Claude CLI v2.1.144: バックグラウンド機能の進化と広範なバグ修正でCLI体験を向上
新機能改善バグ修正2026年5月19日v2.1.144
重要ポイント
- バックグラウンドセッションの管理と可視性が大幅に向上し、`/resume` での表示や経過時間通知が追加されました。
- `/model` コマンドの挙動が変更され、現在のセッションへの適用と新規セッションのデフォルト設定がより柔軟になりました。
- 「extra usage」が「usage credits」に名称変更され、関連コマンドも更新されました。
- ターミナル表示の安定性、起動時の応答性、ツール連携の信頼性など、広範なバグ修正によりユーザー体験が向上しました。

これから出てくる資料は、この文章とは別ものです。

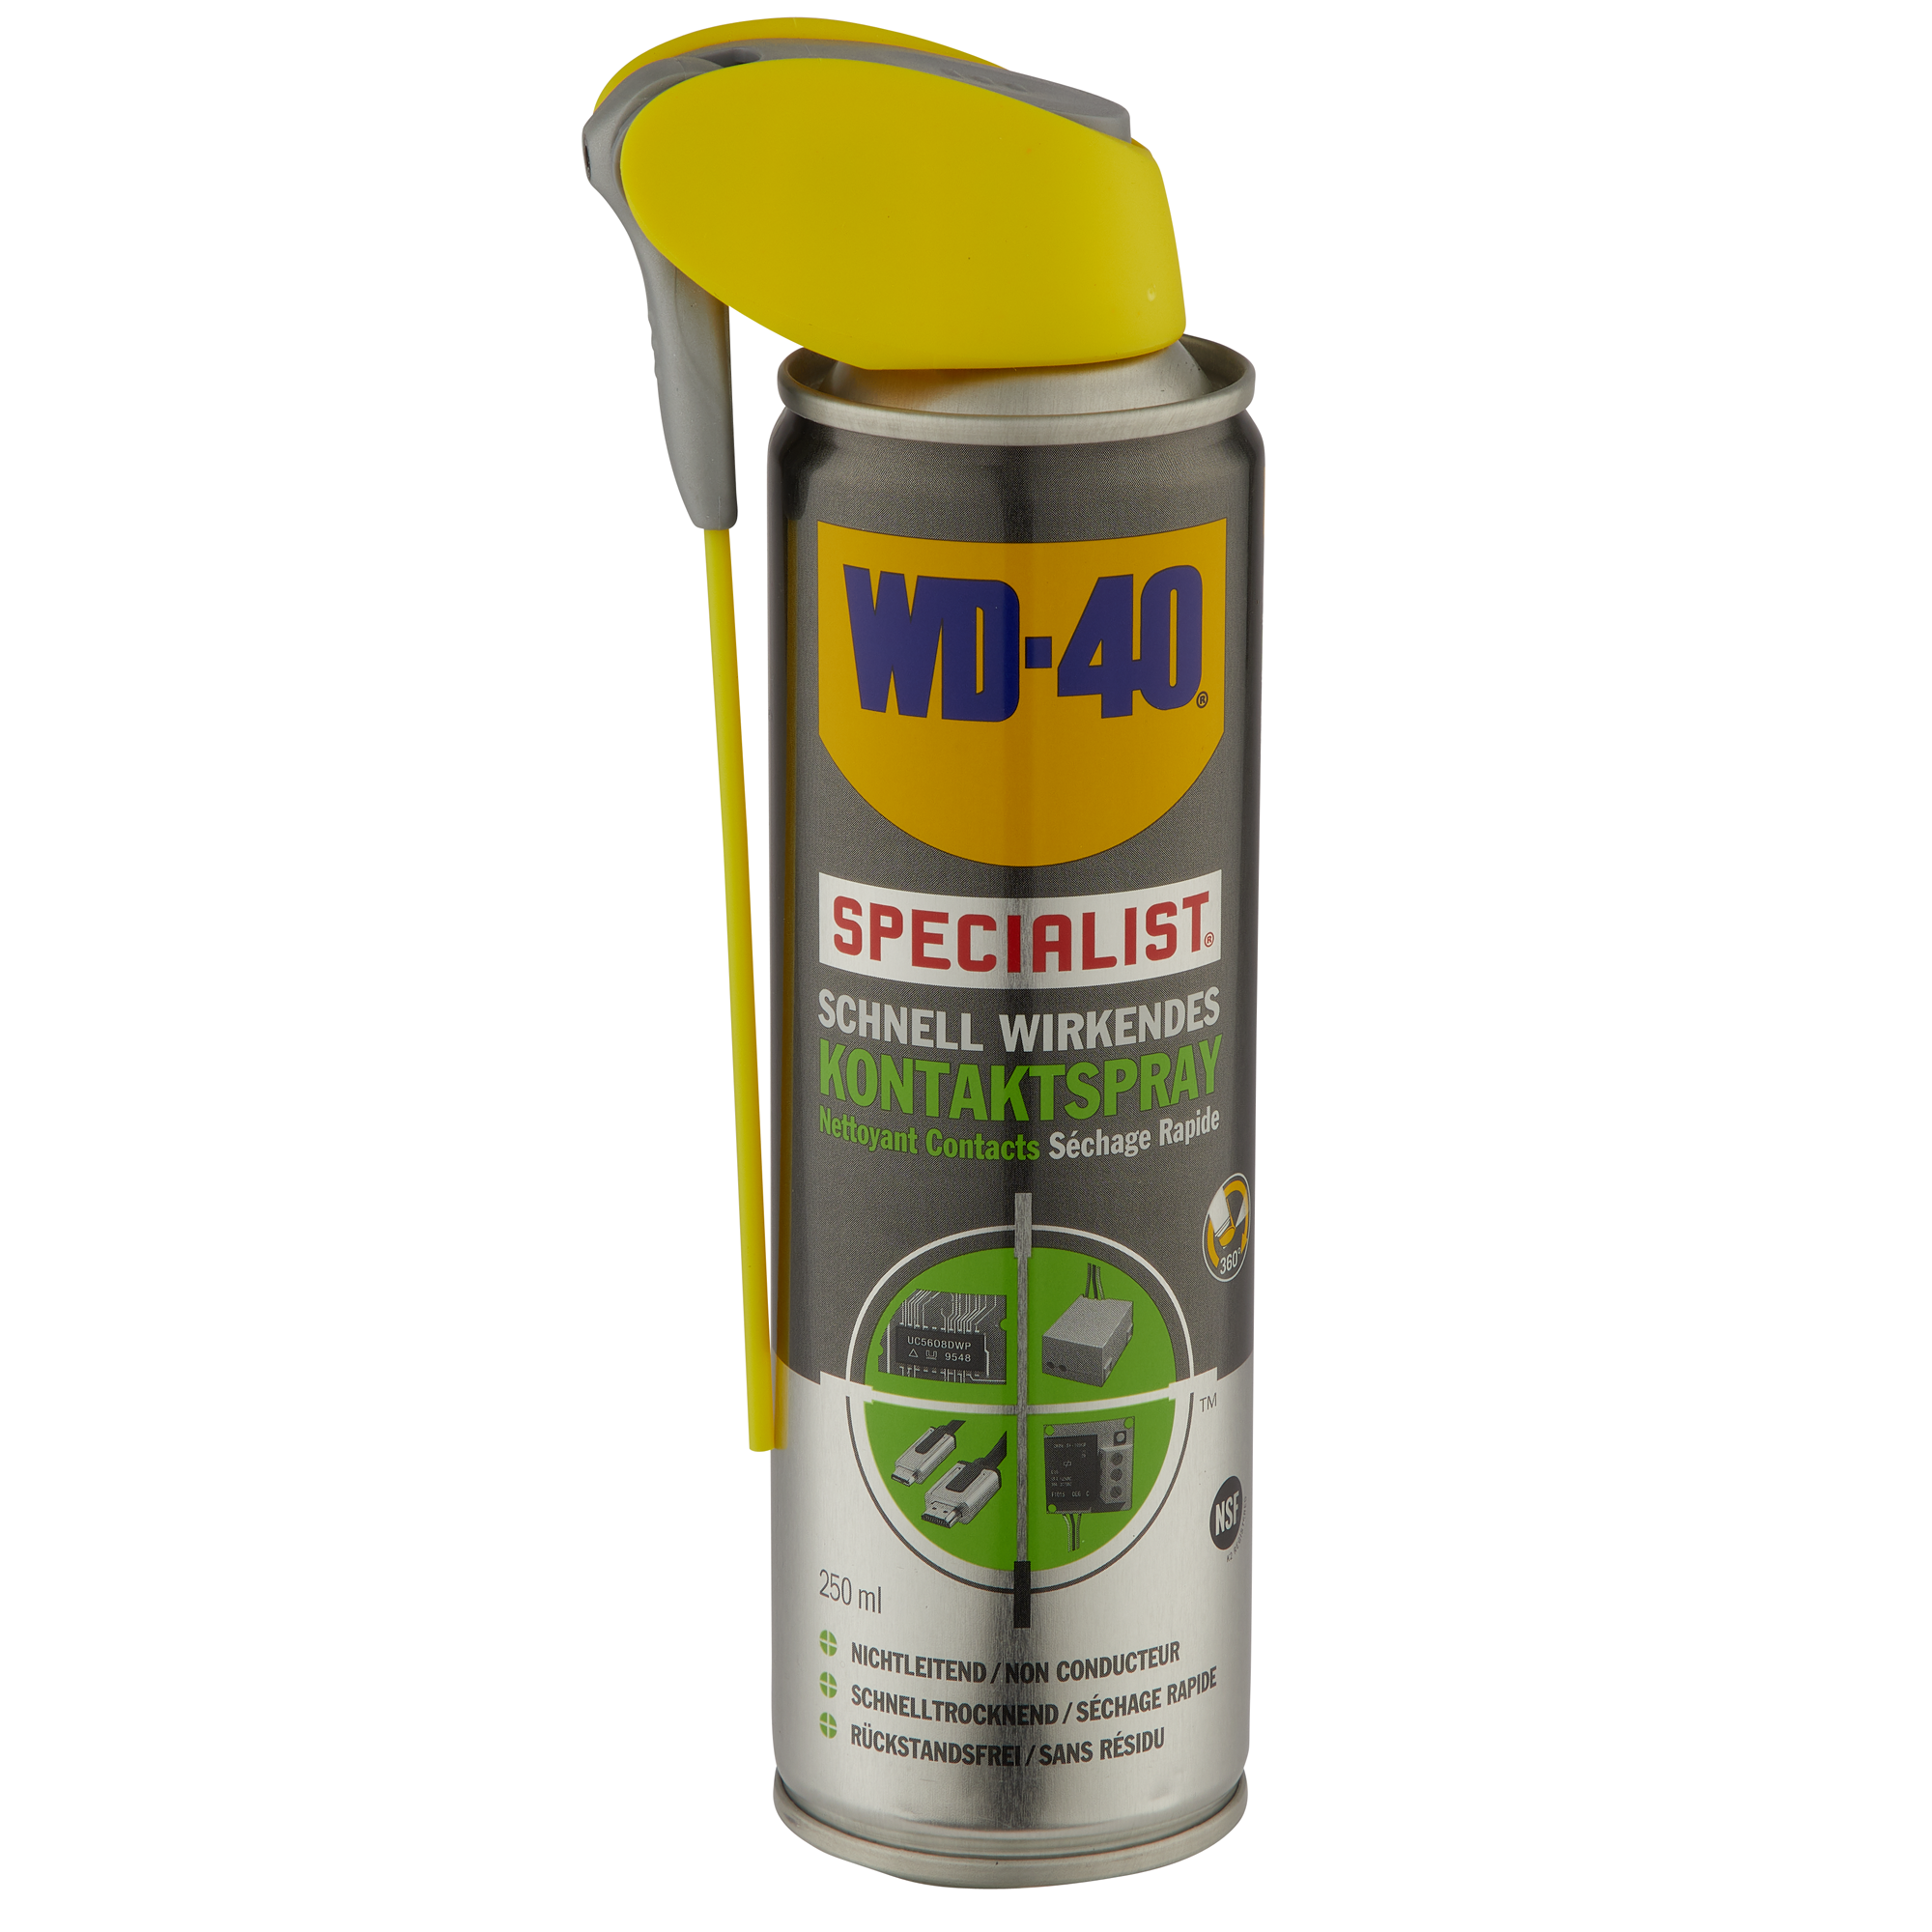 ml WD-40 Specialist Kontaktspray 250

- macOSやWindows環境特有の問題、ファイル処理、ネットワーク関連の不具合など、多岐にわたる修正が含まれています。
- 開発者向けの機能(プラグイン、スキル、MCP)の安定性と使い勝手が改善され、よりスムーズな開発が可能になりました。

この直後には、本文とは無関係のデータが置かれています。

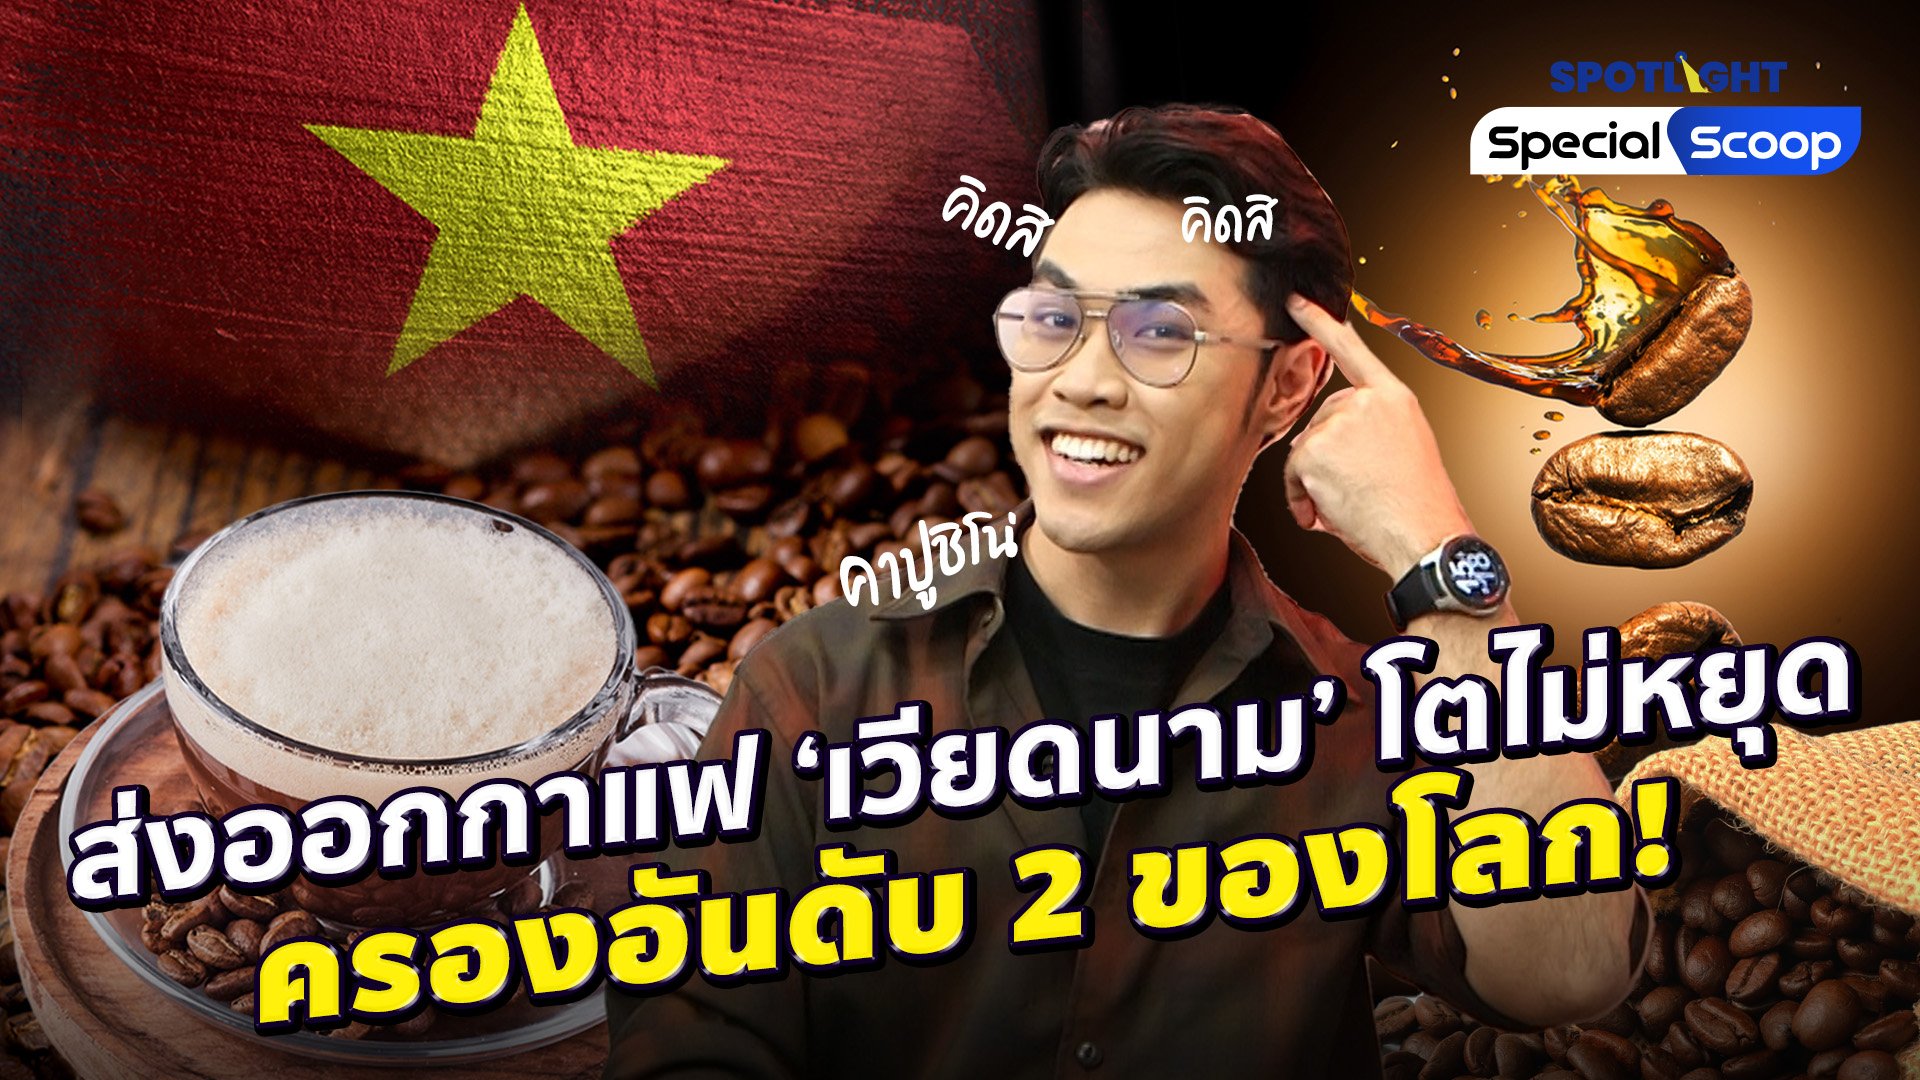 ส่งออกกาแฟ 'เวียดนาม' โตไม่หยุดครองอันดับ 2 ของโลก!  | Spotlight | 3 พ.ย. 65 | AMARIN TVHD34

Claude CLIの最新バージョンv2.1.144がリリースされました。今回のアップデートでは、バックグラウンドセッションの管理と可視性が大幅に強化され、CLIコマンドの挙動がより直感的になりました。また、ターミナル表示の安定性向上、起動時の応答性改善、ツール連携の信頼性向上など、ユーザー体験を向上させるための広範なバグ修正と改善が含まれています。
主要な新機能と改善
- バックグラウンドセッションの強化:
/resumeコマンドでclaude --bgやエージェントビューから開始されたバックグラウンドセッションが表示されるようになり、bgマークで識別できます。また、バックグラウンドサブエージェントの完了通知に経過時間が表示されるようになりました。 - CLIコマンドとUIの改善:
/modelコマンドは現在のセッションのみにモデルを変更するようになり、dキーで新規セッションのデフォルトを設定できるようになりました。- 「extra usage」が「usage credits」に名称変更され、
/extra-usageは/usage-creditsになりました(旧名も引き続き利用可能)。 /pluginの閲覧・発見ペインにプラグインの最終更新日が表示されるようになりました。/bgや←-detach 操作後も/add-dirで追加されたディレクトリが保持されるようになりました。
- 開発者体験の向上: ツールエラーが減少し、
head/tailがread-before-editチェックを満たすようになり、egrepなどの「no matches」がコマンド失敗として報告されなくなりました。SDK/headless MCPの起動が最大2秒高速化され、よりスムーズな開発が可能になります。
広範なバグ修正
今回のアップデートでは、多数のバグが修正され、全体的な安定性と信頼性が向上しています。
- 安定性と信頼性の向上:
api.anthropic.comに到達不能な場合の起動ハング(最大75秒)が15秒でタイムアウトするよう修正されました。また、ウィンドウリサイズイベントの見逃しや長時間のセッションで発生するターミナル表示の乱れや破損が修正され、VS Codeでのレンダリンググリッチも削減されました。 - 特定の環境での問題解決: macOSのバックグラウンドセッションが特定のフォルダでクラッシュする問題(v2.1.143の回帰)や、Windowsでのバックグラウンドセッションでのスクロール、
claude agentsでのキーボード入力の問題などが修正されました。 - ツール連携とファイル処理の改善: 画像拡張子と内容が一致しないファイルの読み込みで会話が回復不能になる問題が修正され、テキストにフォールバックするようになりました。MCPサーバーがページネーションされたツールリストを正しく処理しない問題や、サポートされていないMIMEタイプのMCP画像が会話を壊す問題も修正されました。
- その他:
/branchコマンドの失敗、AskUserQuestionのメモフィールドでのEscapeキーの挙動、モデル選択の適用問題、リモートセッションログインの失敗など、多岐にわたる不具合が修正されています。